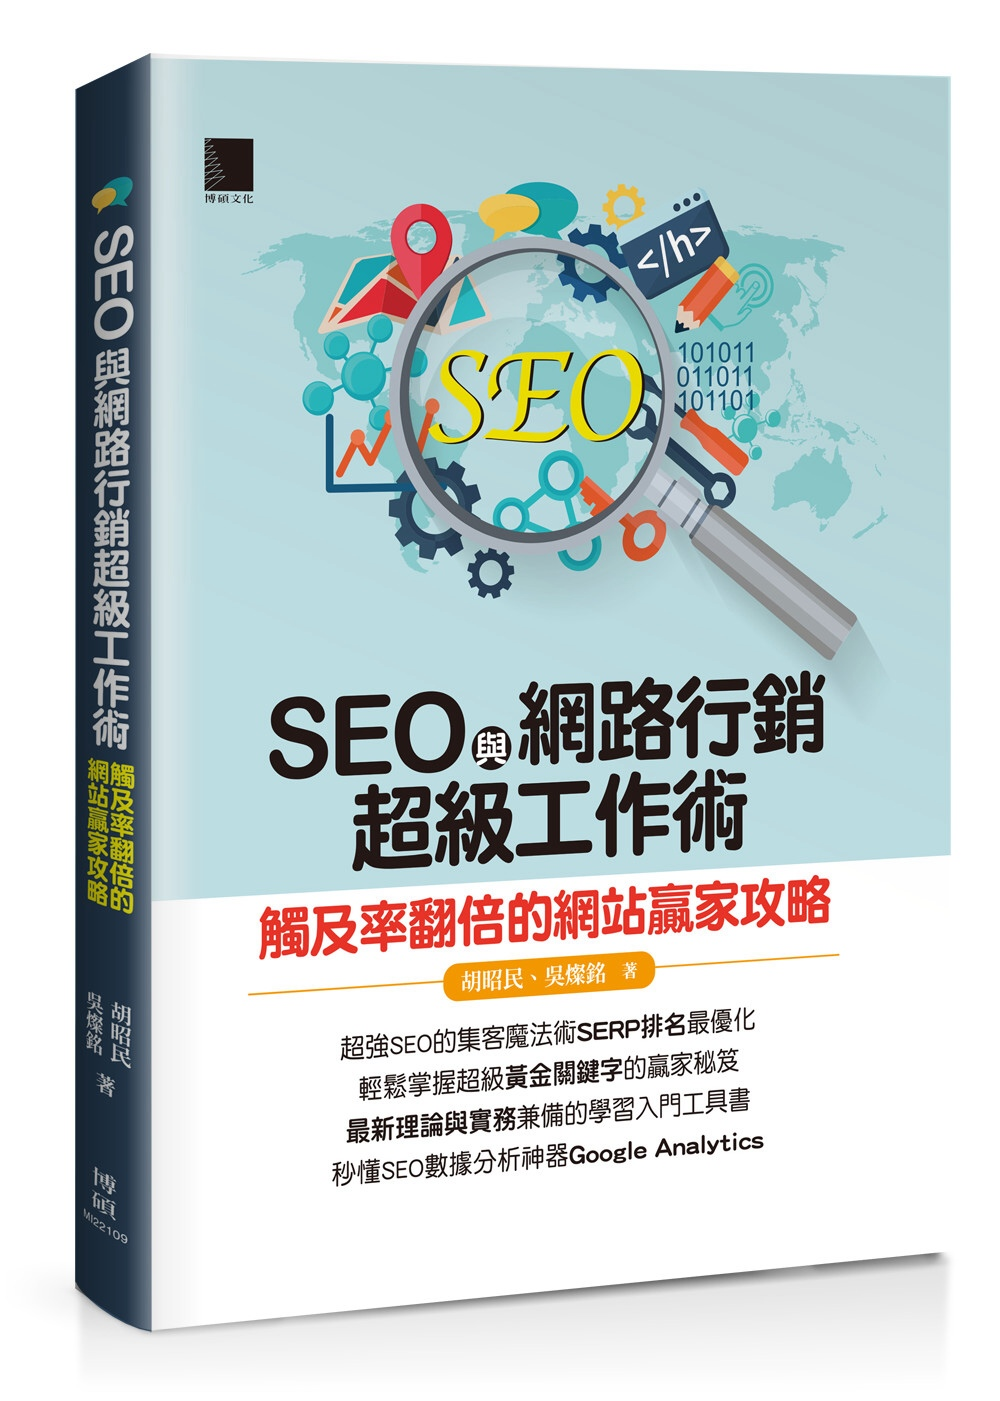 SEO與網路行銷超級工作術:觸...
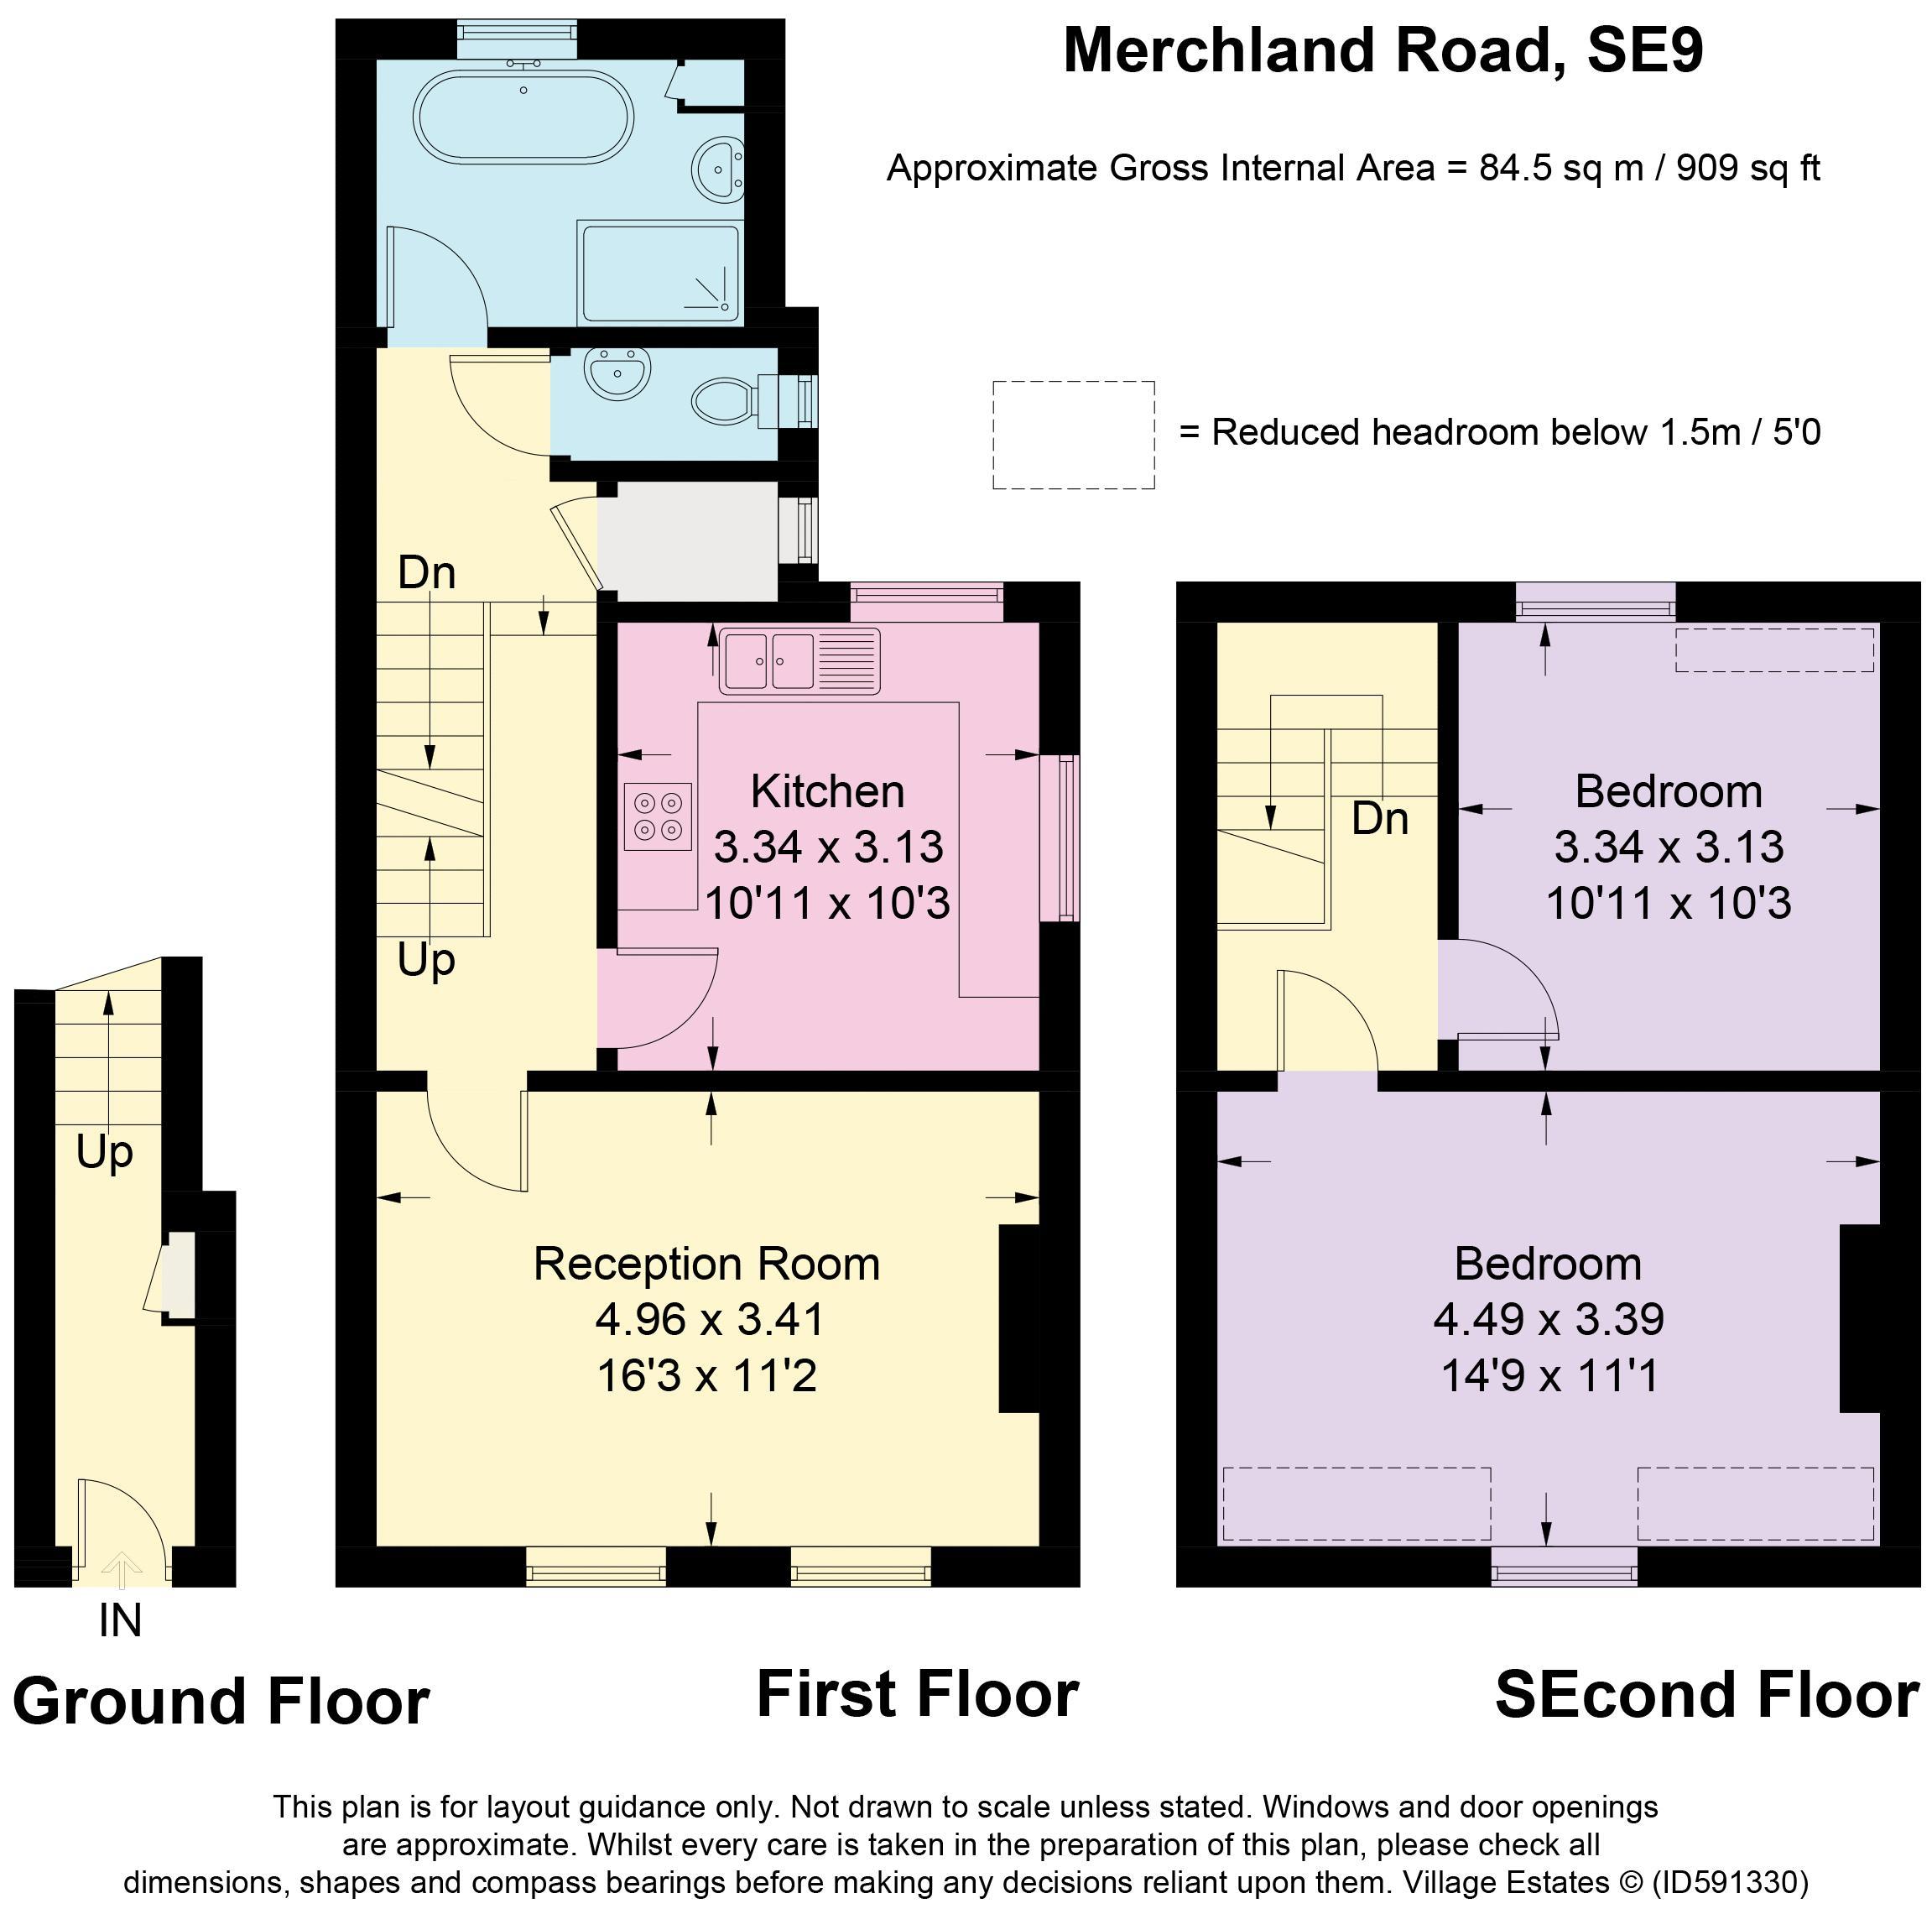 Merchland Road Floorplan
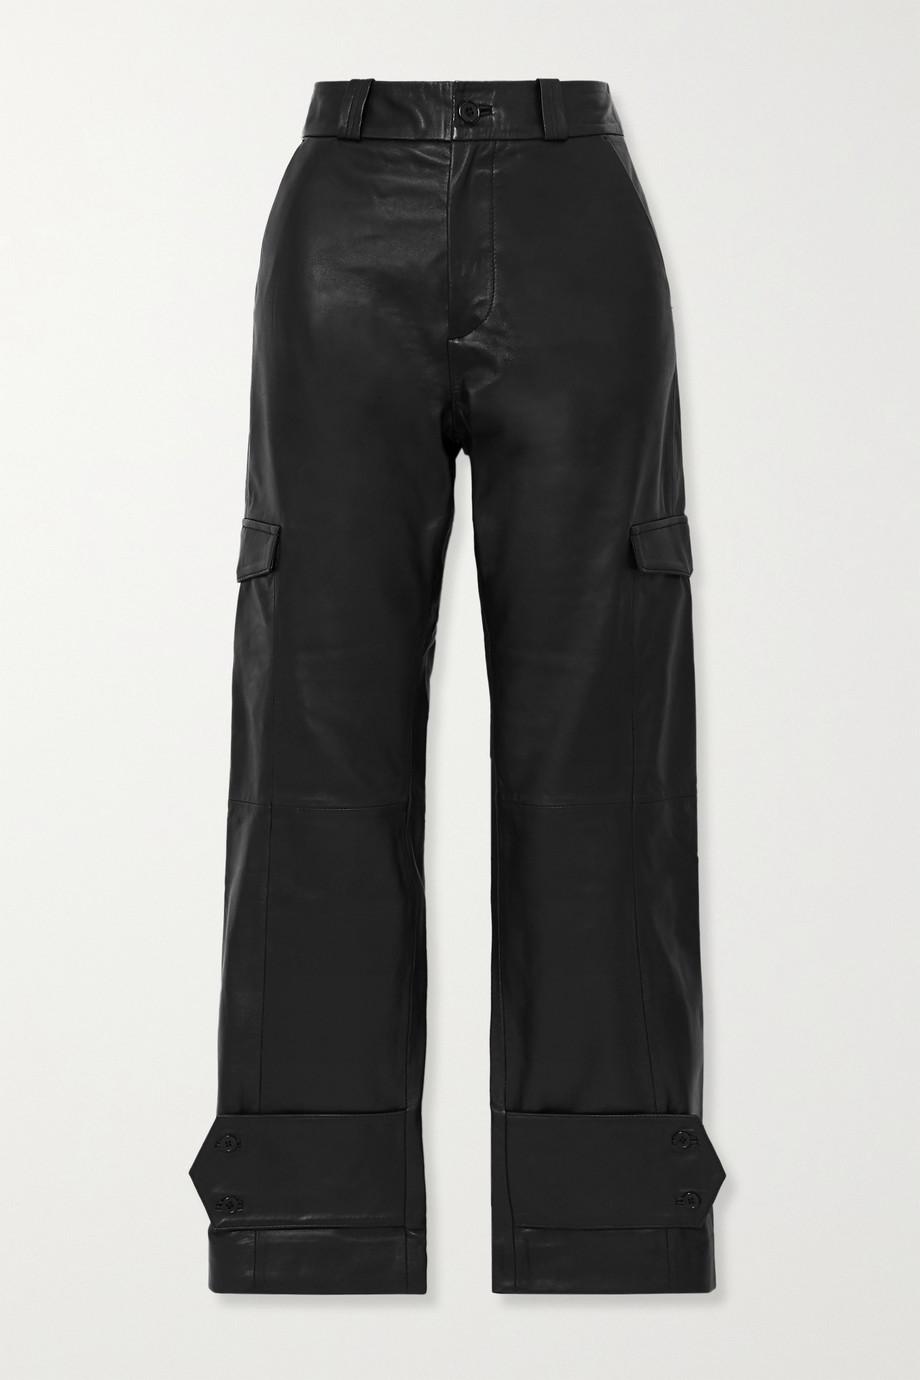 Holzweiler Dunder Hose mit geradem Bein aus Leder
..........
** EXERCISE **
All of the data above should be quoted exactly, except for the pictures.

** ANSWER SPACE **
 SEO與網路行銷超級工作術:觸...
 Merchland Road Floorplan
 Holzweiler Dunder Hose mit geradem Bein aus Leder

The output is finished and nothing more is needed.